What opportunities exist in the community for people of colour? Size? What is your community’s gender diversity ratio for writers? Directors? Performers? Are you one of 3 companies producing a history play employing 60 men total? Should you gender flip it, maybe select a new play? Have you produced a run of plays about abused women for a decade without noticing?
You should know.
You should care.
I don’t know yet how writers and critics, as harried and underpaid as the rest of the field, can better help contextualize a community. But we need to remember that they are not the enemy and they likely know as much about our world as we do, or more.
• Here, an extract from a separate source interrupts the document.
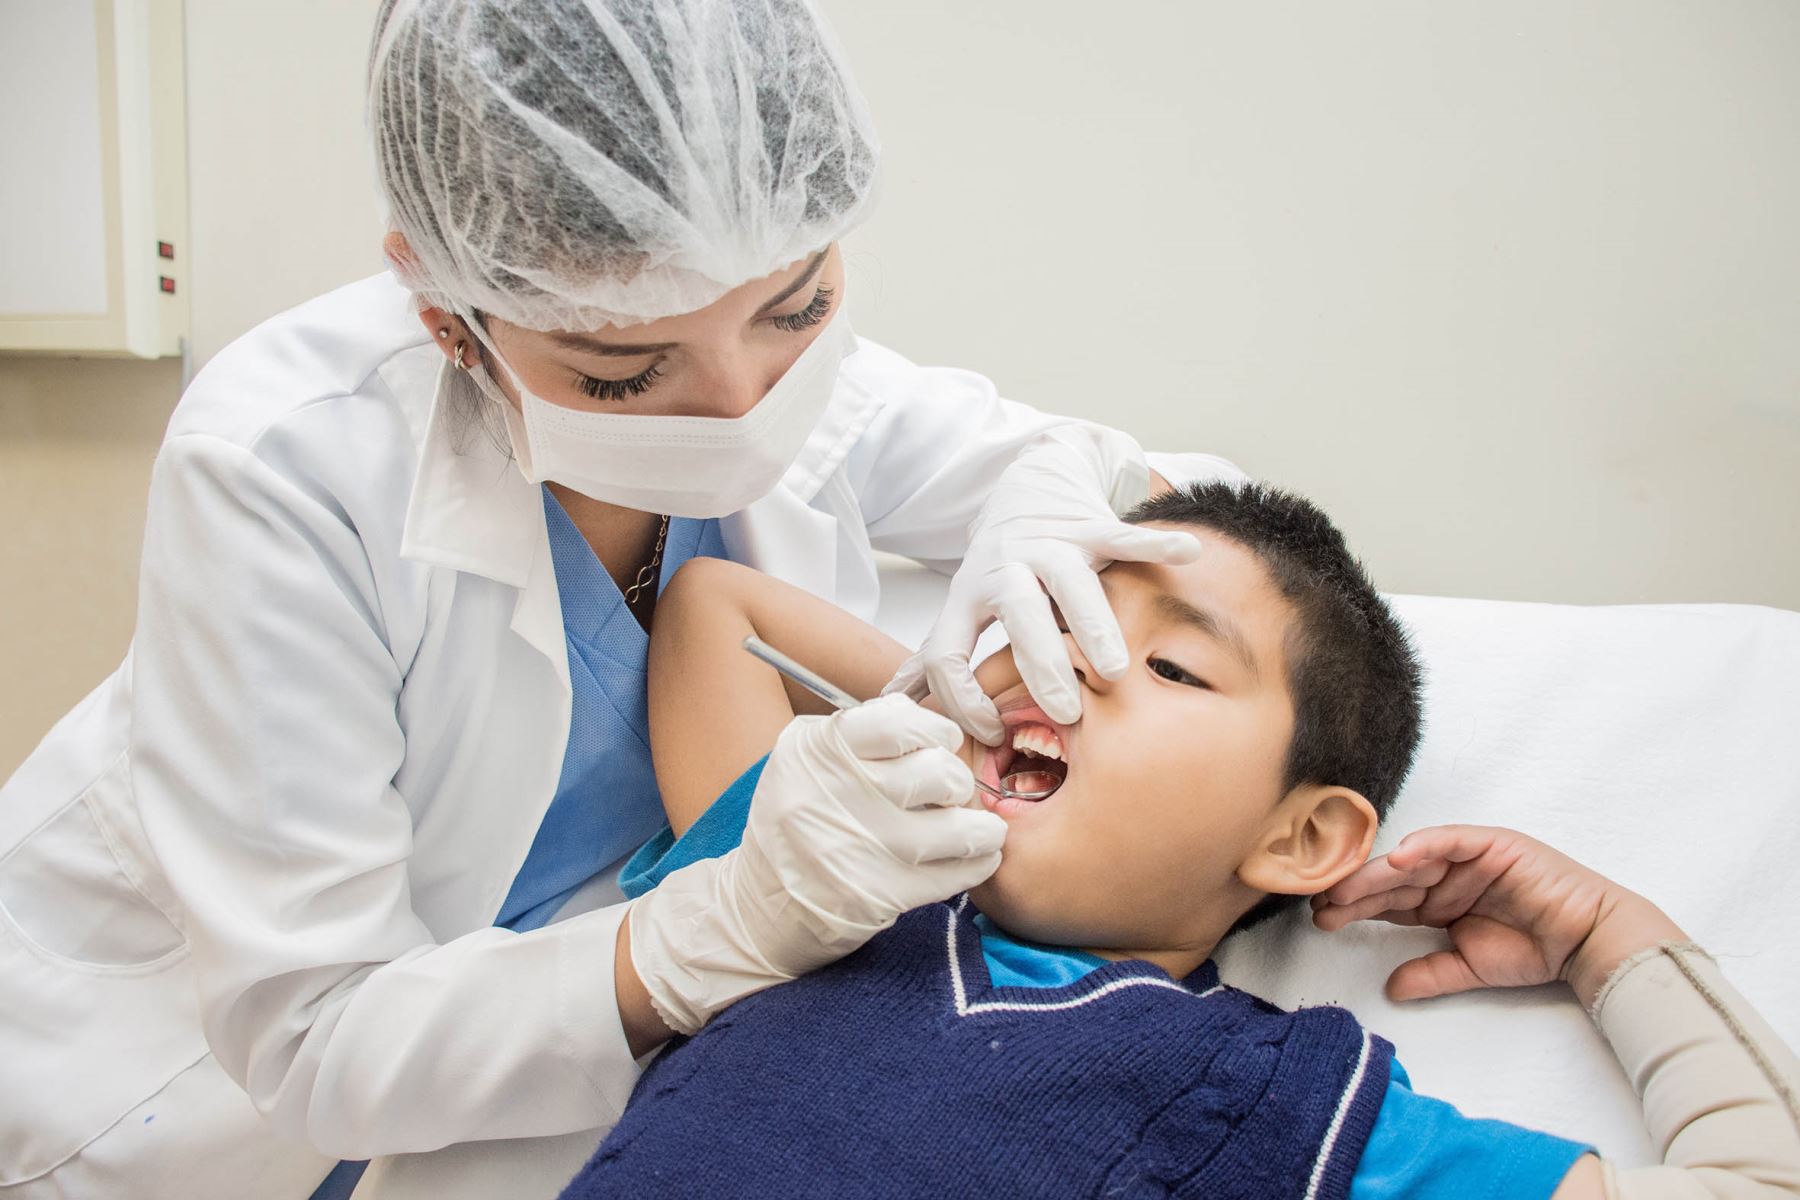 Niños con malos hábitos bucales alteran la formación de sus dientes, paladar y mandíbula. Foto: Cortesía

Diversity Everywhere is the First, Best Step.
The fewer times the same bodies and the same sorts of bodies are in the same positions the less likely we are to see the sort of calcification that allows for this sort of abuse to flourish. Diversity in the styles of text performed from the pens of different races and and genders and sexualities, serving a broad range actors, helmed by a battalion of (actually extant) directors would serve as an inoculation against this infection.
These are outlines of first steps to enabling broader personal and community self-policing
What do you think can help keep our communities free of this sort of abuse?
What do you feel are the best ways to enable our artists to protect themselves in such a vulnerable industry?